Right To Be Forgotten


  • The Delhi High Court is all set to hear a doctor’s plea for enforcement of his ‘Right to be Forgotten’.

About the Right To Be Forgotten

  • The “Right to be Forgotten” is the right to remove or erase content so that it’s not accessible to the public at large.
  • It empowers an individual to have information in the form of news, video, or photographs deleted from internet records so it doesn’t show up through search engines, like Google in the present case.

Origin of the Right To Be Forgotten

  • The concept of the Right to be Forgotten has its origins in European data protection law 1995 which gave individuals the right to request the erasure of their personal data under certain circumstances.
  • However, this right was limited to data held by data controllers, and did not apply to data that had been made public.
  • In 2014, the European Court of Justice issued a landmark ruling in the case of Google Spain v. AEPD and Mario Costeja González, which recognized the Right to be Forgotten as a legal right in the EU.
  • The court held that individuals have the right to request the removal of search engine links to information that is “inadequate, irrelevant or no longer relevant, or excessive in relation to the purposes for which they were processed and in the light of the time that has elapsed.”

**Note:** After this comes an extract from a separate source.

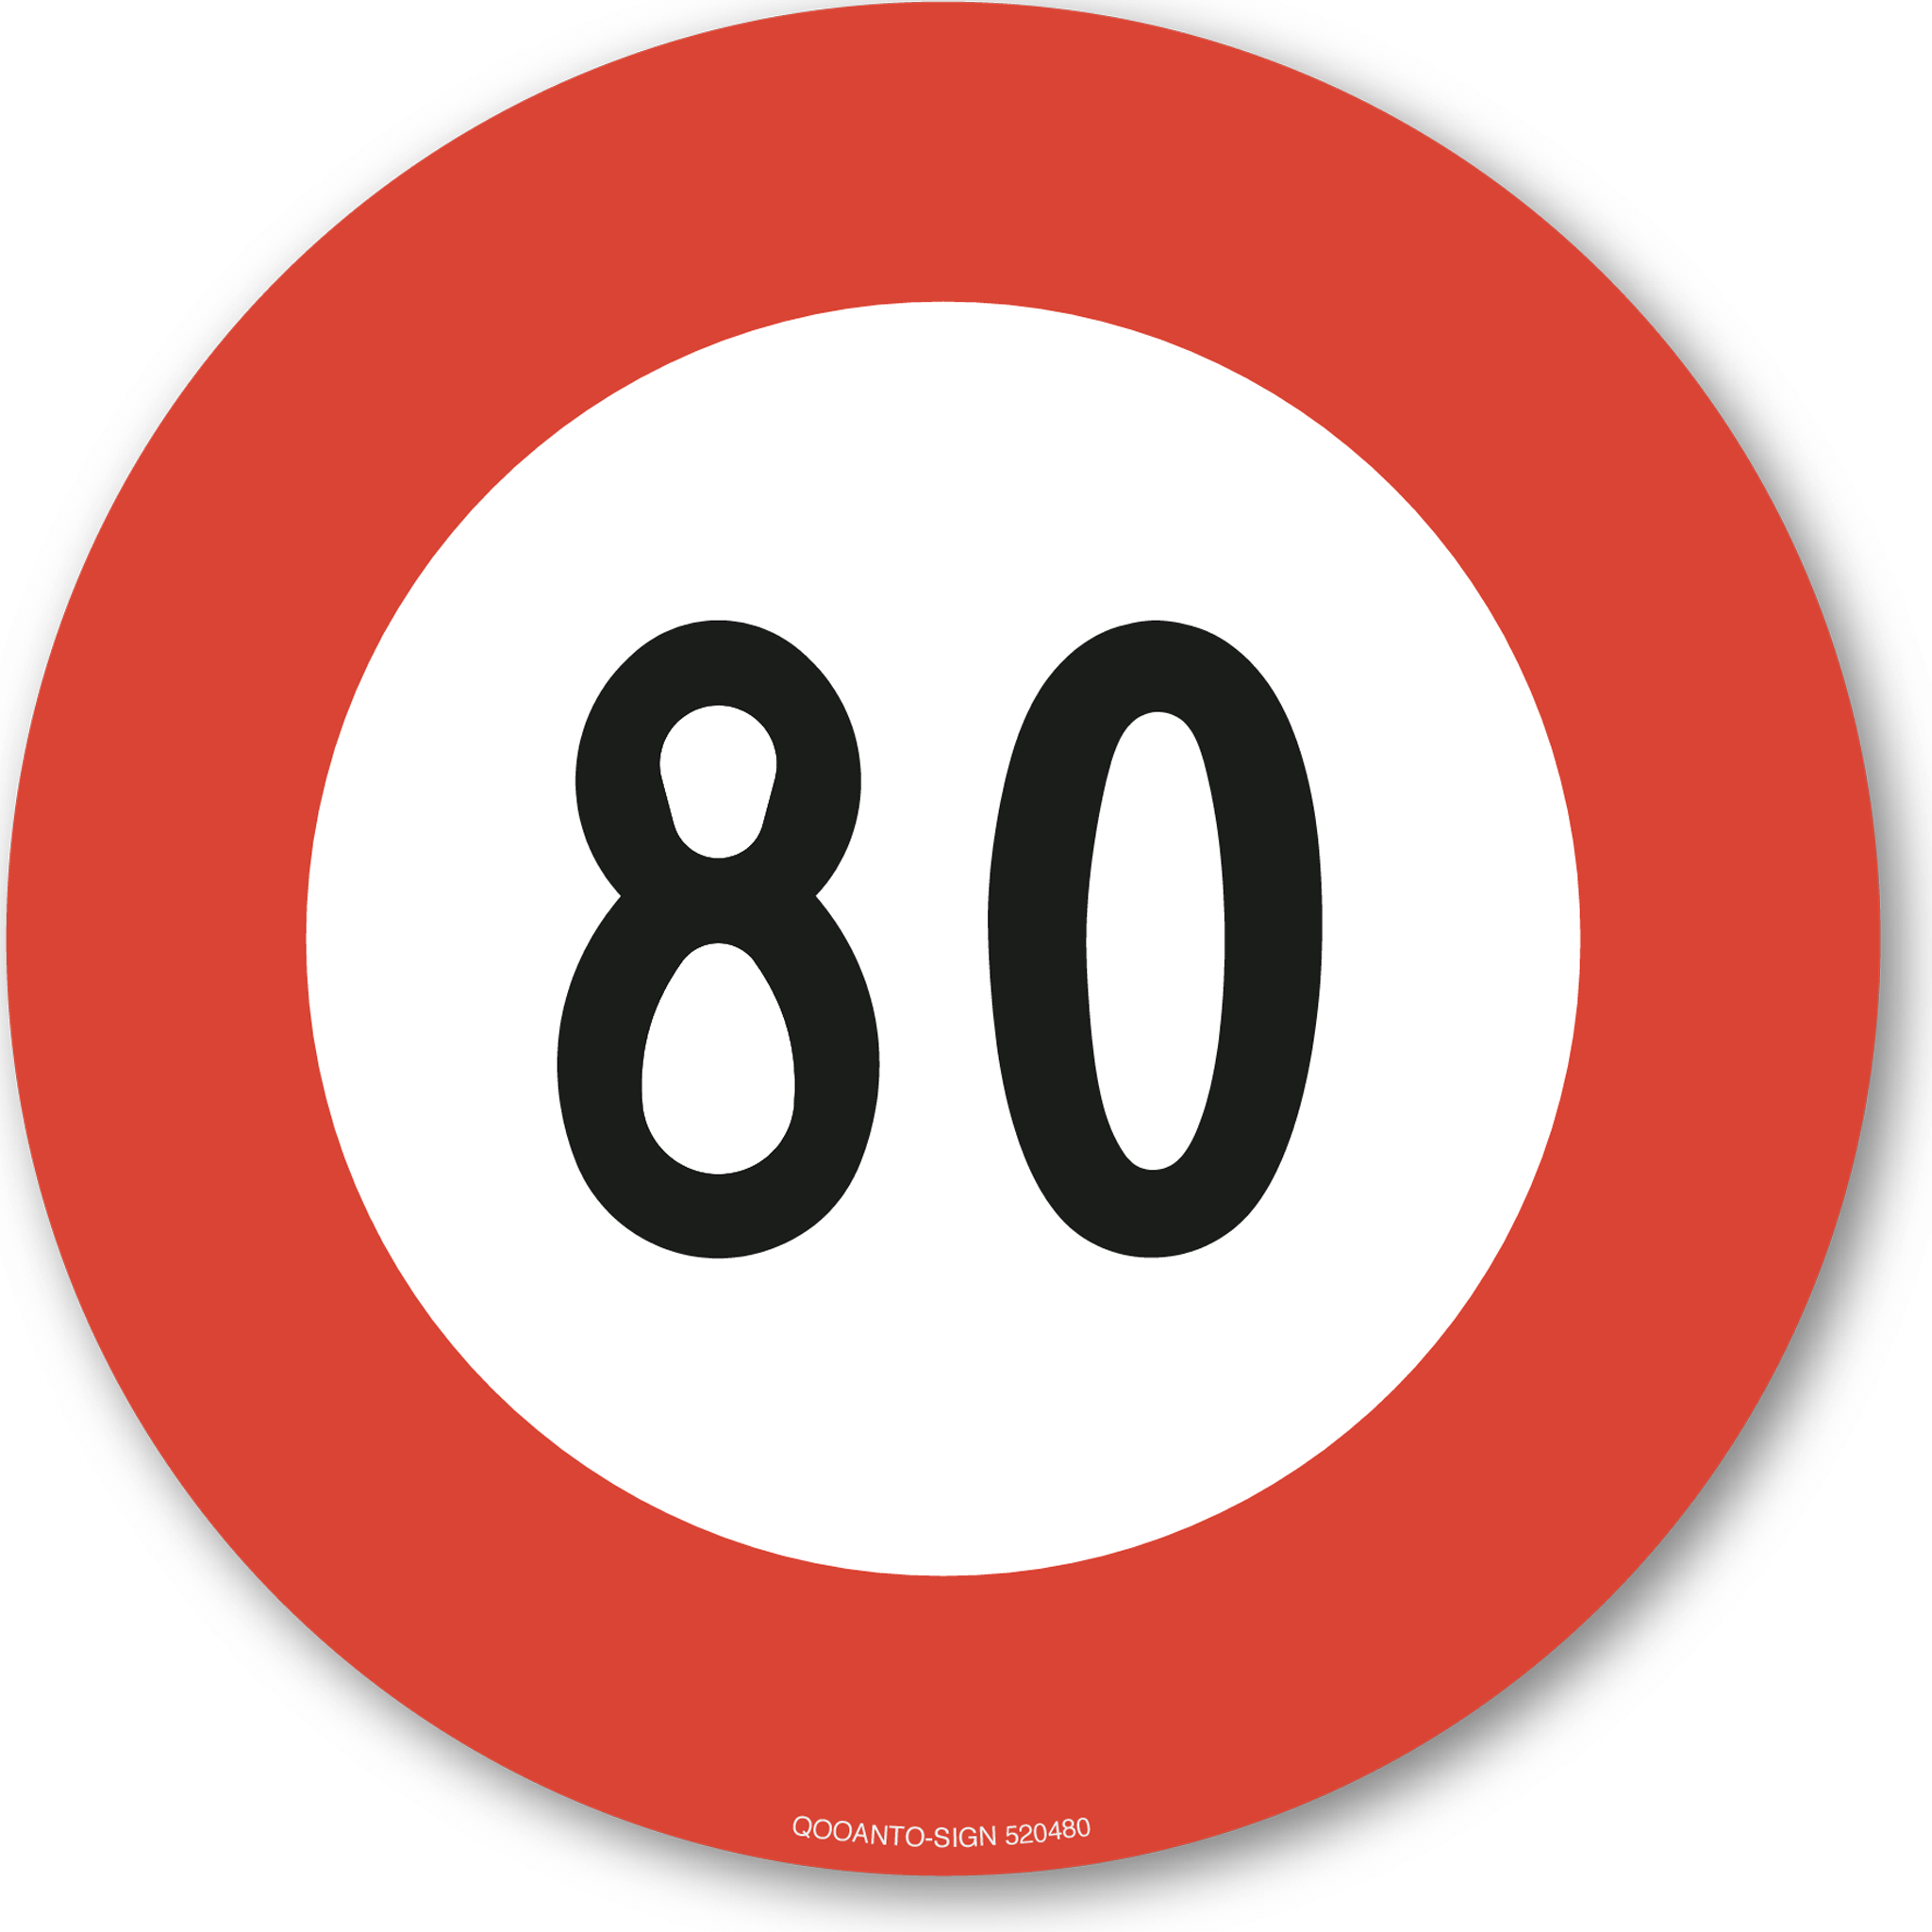 Höchstgeschwindigkeit - 80, Schild oder Aufkleber

Law on the Right to be Forgotten

  • According to Section 43A of the Information Technology Act of 2000, organizations that have confidential personal data but fail to keep it secure enough to prevent loss or wrongful gain to anyone may be required to make compensation to the victim.
  • The IT Rules, 2021 do not include this right; however, they do provide a procedure for submitting complaints with the designated Grievance Officer in order to have content containing personal information about a complainant removed from the internet.

Court on the Right to be forgotten

  • Right to be forgotten is not recognised by a law or a statute in India explicitly.
  • K.S.Puttaswamy vs Union of India: The courts have held that the Right to be forgotten is inherent to an individual’s Right to Privacy under Article 21.
  • In this case, a nine-judge panel, including CJI Chandrachud, cited a 2016 European Union Regulation that recognised “the right to be forgotten,” or an individual’s right to have personal information removed from a system when “he is no longer desirous of his personal data being processed or kept.”
  • The Supreme court also recognized that the right to be forgotten can be restricted by the right to freedom of expression and information or “for compliance with legal obligations”, or for the performance of tasks in the public interest.

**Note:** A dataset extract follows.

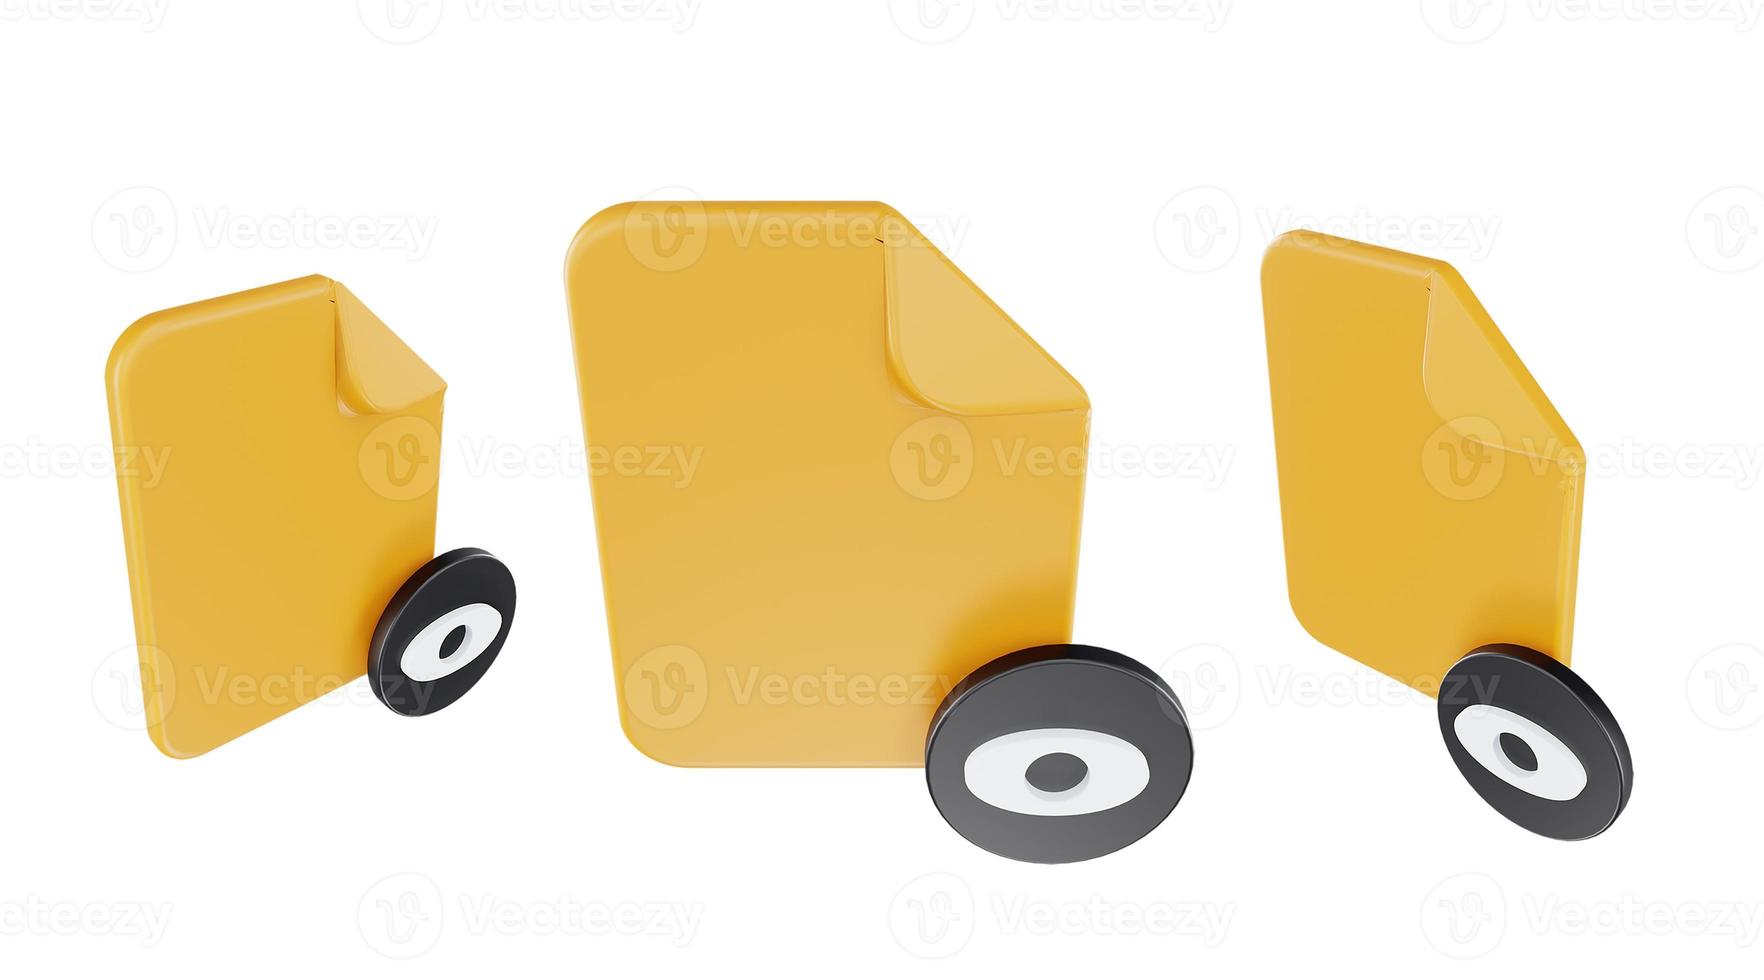 Fichier de rendu 3d vu icône avec papier de fichier orange et noir vu photo

  • The Parliament and the Supreme Court should conduct a thorough examination of RTBF and devise a mechanism for balancing the conflicting rights to privacy and freedom of expression.
  • In this digital era, data is a valuable resource that should not be unregulated. In this context, the moment has come for India to implement a strong data protection regime.

National Commission for Scheduled Tribes


  • According to data presented in Lok Sabha, the National Commission for Scheduled Tribes (NCST) is currently operating with a staff strength that is below 50% of its sanctioned capacity.


  • The NCST was established through the Constitution (89th Amendment) Act, 2003, which amended Article 338 and inserted a new Article 338A in the Constitution.
  • It was created by replacing the then National Commission for Scheduled Castes and Scheduled Tribes with two separate commissions.
  • The NCST has its headquarters in New Delhi and 6 regional offices.
  • The Commission consists of a Chairperson, a Vice-Chairperson, and 3 members who are appointed by the President.
  • The Chairperson has the rank of Union Cabinet Minister, and the Vice Chairperson has the rank of Secretary to the Government of India.
  • The tenure of the Commission is 3 years, and the conditions and service of tenure are determined by the President.
  • These functions include investigating and monitoring matters relating to safeguards provided for STs under the Constitution, laws, or government orders.
  • The Commission also participates in and advises on the planning process relating to the socio-economic development of STs and submits annual reports to the President on the working of safeguards and measures required for effective implementation of programs and schemes relating to the welfare and socio-economic development of STs.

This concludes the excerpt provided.